I had always wondered: If the famously-unlabeled buttons on the TOS bridge had been labeled, would those labels have been visible? In 2005, I did an experiment during the filming of “In A Mirror, Darkly” (ENT). For this experiment, I had hundreds of small clear labels printed with small numeric codes. I asked Alan Kobayashi to stick them onto most of the backlit “jellybean” buttons on the re-created TOS Enterprise bridge set, thereby labeling each button….

(14) BREAKING THE PIGGY BANK. Netflix may have stopped spending cash on original animation, but that does not mean they have stopped spending on other projects. SYFY Wire reports an eye-popping figure: “Stranger Things 4: Netflix spending $30 million per episode”.

Thanks to an ensemble celebrity cast and lavish location shoots that can take over an entire mall, Stranger Things has always had the feel of a big-budget, Steven Spielberg-inspired show. But the Hawkins arcade would need to collect more than just a truckload of quarters to cover the eye-popping cost of the series’ long-awaited fourth season.

A recent report at The Wall Street Journal reveals that Netflix is turning its wallet Upside Down and inside out to bring Stranger Things 4 to life, spending an average of $30 million on each of the smash hit series’ nine new episodes. That far eclipses the princely $13 million per-episode sum commanded by Season 4 of The Crown, the previously-reported most expensive show in the streamer’s original-series lineup….

(15) ON THE OTHER HAND. For the cost conscious among us, “House of the Dragon Budget: Under 20 Million Per Episode”. By Grabthar’s hammer, what a savings!

… If you’re wondering how HBO managed to keep the cost of “House of the Dragon” Season 1 from rising too much above what it paid for the final season of “Game of Thrones,” especially with even more CGI dragons expected to be flying around, the production insider says HBO is now so adept at these world-building series through years of not just “GoT,” but also producing “Westworld” and “His Dark Materials,” that the team can make a high-quality series as efficiently and effectively as possible….

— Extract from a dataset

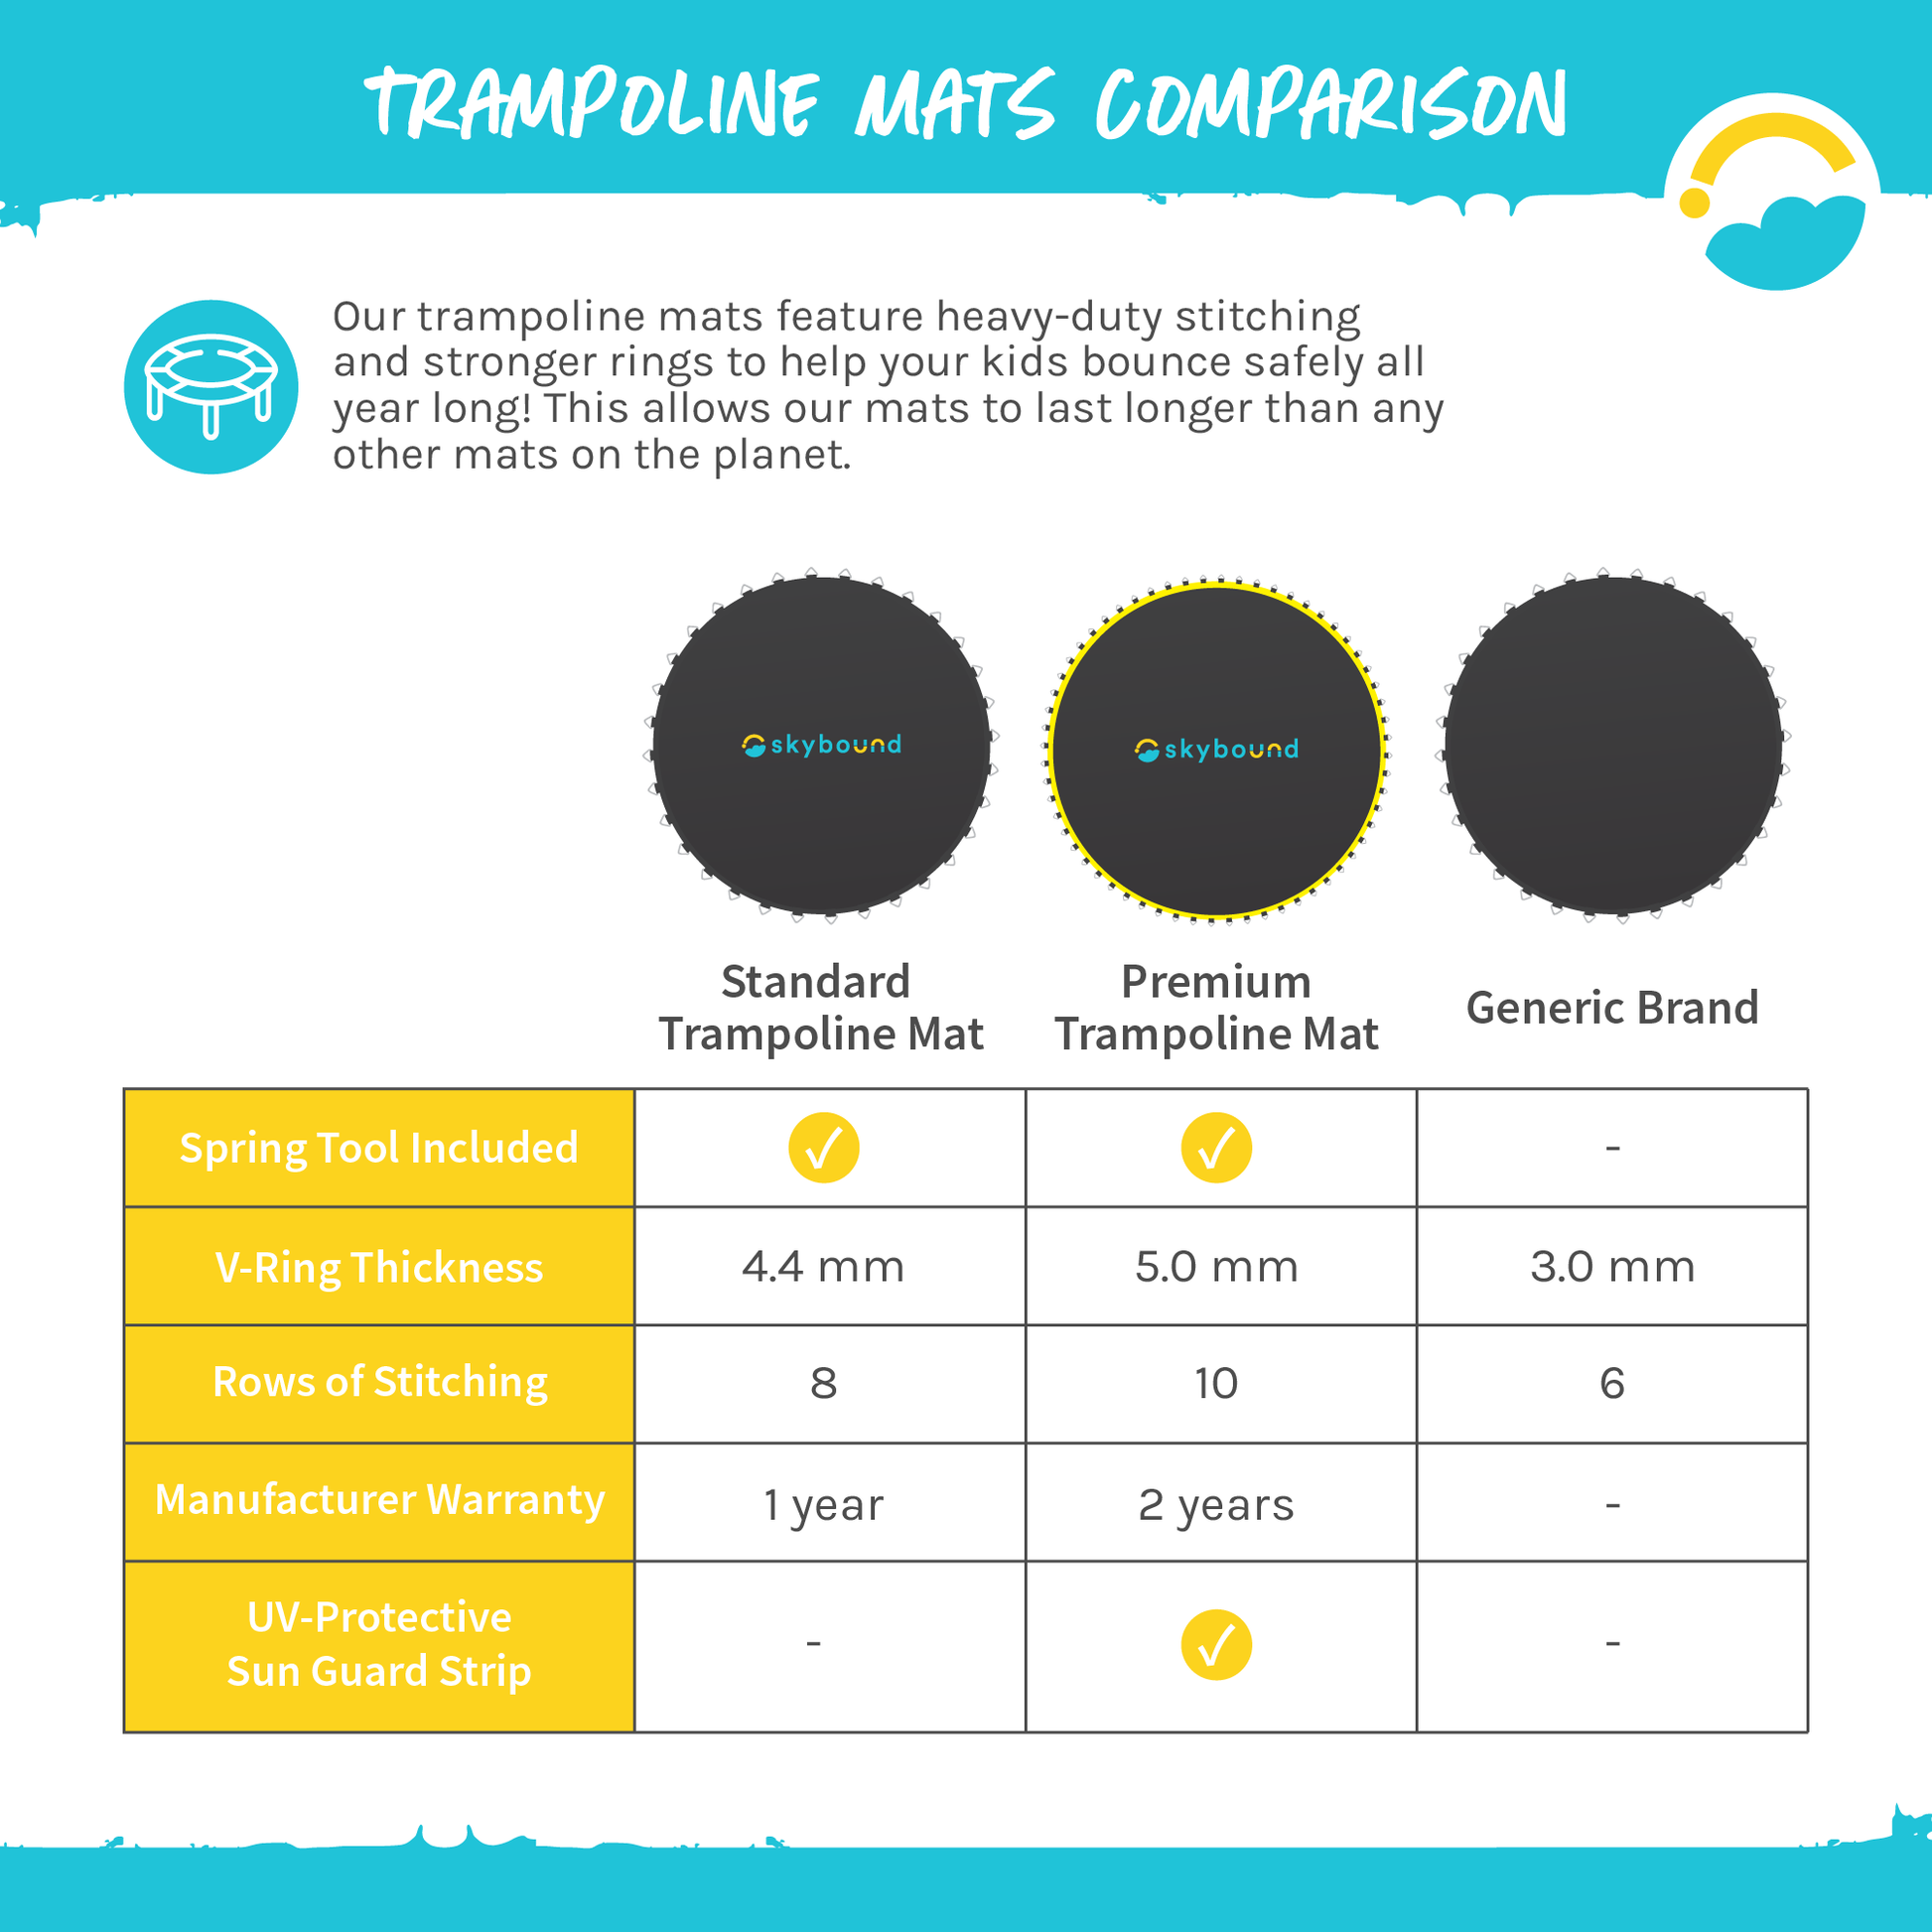 Trampoline Mats Comparison: A comparison chart between Standard Trampoline Mat, Premium Trampoline Mat, Generic Brand. Spring Tool Included: Yes, Yes, No. V-Ring Thickness: 4.4 mm, 5.0 mm, 3.0mm, Row of Stitching: 8, 10, 6. Manufacturer Warranty: 1 Year, 2 Years, No Warranty. UV-Protective Sun Guard Strip: No, Yes, No.

(16) EVERYTHING AND MORE. [Item by Martin Morse Wooster.] In the March 20 New York Times Magazine, Alexandra Kleeman profiles Everything Everywhere All At Once star Michelle Yeoh, who explains why doing a multiverse movie (in which she plays a hibachi chef, a laundromat store owner, and a universe where everyone has fingers that look like Twinkies) was a stretch for her in a career that has taken her from Hong Kong super action movies to James Bond to Crazy Rich Asians. “Michelle Yeoh’s Quantum Leaps”.

… Approaching a role that bounds gleefully across so many modes and genres put Yeoh to the test. She showed me a photo of her script, dutifully flagged with adhesive tabs that denoted the genre of each scene she appears in (action sequences, comedic scenes, heavy-duty drama): The stack of pages bristled with color, like a wildly blooming flower. She experimented with different kinds of sticky notes. “With the fat ones, they were overlapping so much. So, I had to get the skinny ones,” she told me. “Oh, my God, it was a whole creative process. And then when I finished, I looked at it and go, Oh, my God, I’m in serious trouble.”…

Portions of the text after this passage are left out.